This is a map of the roads in the area I spent the first 35 years of my life, taken from this site.



The main routes are shown in red - they roughly follow the paths of least resistance, along the river valleys.

Between the main roads are little roads, which join them, and between the little roads are lesser roads. And, not shown on this map, are footpaths. Together they make a reticulated network - you can, for the most part, get to anywhere from anywhere.

I thought all roads worked like this.

When I moved to Portugal there were no available maps for the smaller roads, so I set about exploring them on foot, following my usual technique of just keep turning one way until I either come back to where I started or hit a bigger road. I hit a few problems, as the roads are laid out differently here.



Everyone tends to live in villages and own land further afield. They don't tend to walk from place to place just for the fun of it, they stay in their village unless they are going to their land. Each bit of land is accessible by a road, but people go to it and then return. Land seems to be owned mostly by the inhabitants of the village whose roads go to that land (did that make sense?) and the roads ended up making something like a river-drainage pattern. Like the one below, taken from this site.

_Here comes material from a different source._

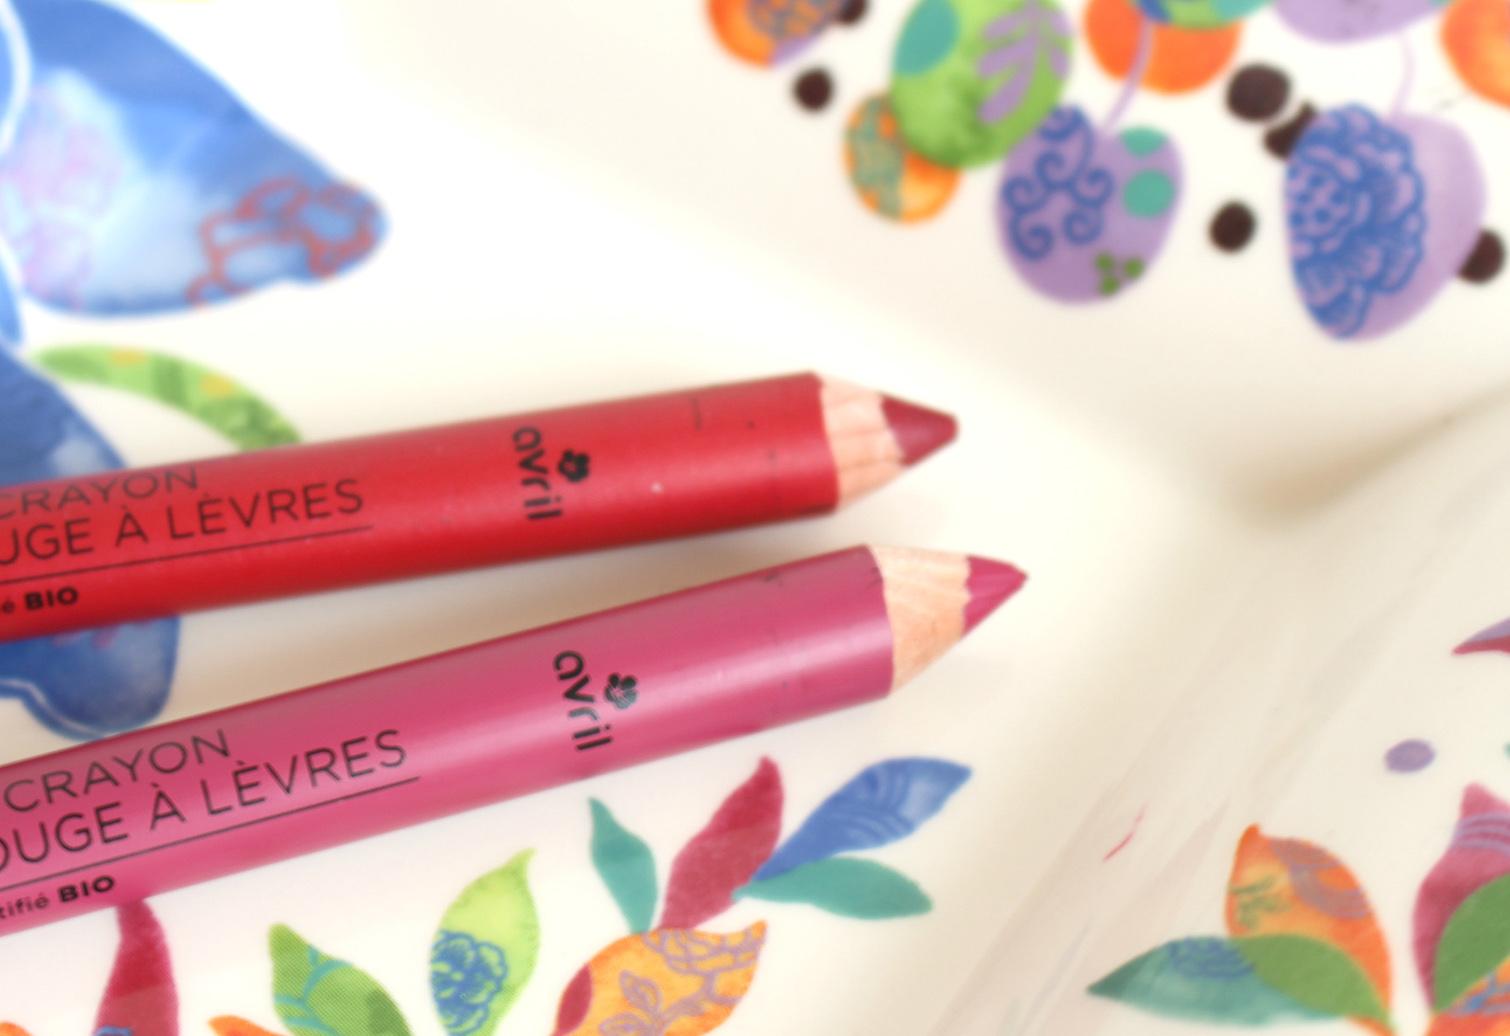 Une bouche à croquer avec les crayons AVRIL

And of course the pattern is the same because the 'function' is the same - to access (or drain) each bit of land. But it only has to be accessed/drained from (or to) one direction. Each bit of land needs to be accessed, and water from each bit of land needs to drain. And what really 'got' me was when I saw a council map of the area, which showed both water-courses and roads - here the roads stick on high, dry land which the rivers obviously form on the low land, so you end up with a double pattern of inder-digitating drainage/access patterns. It's really pretty, but I don't have a copy to show you.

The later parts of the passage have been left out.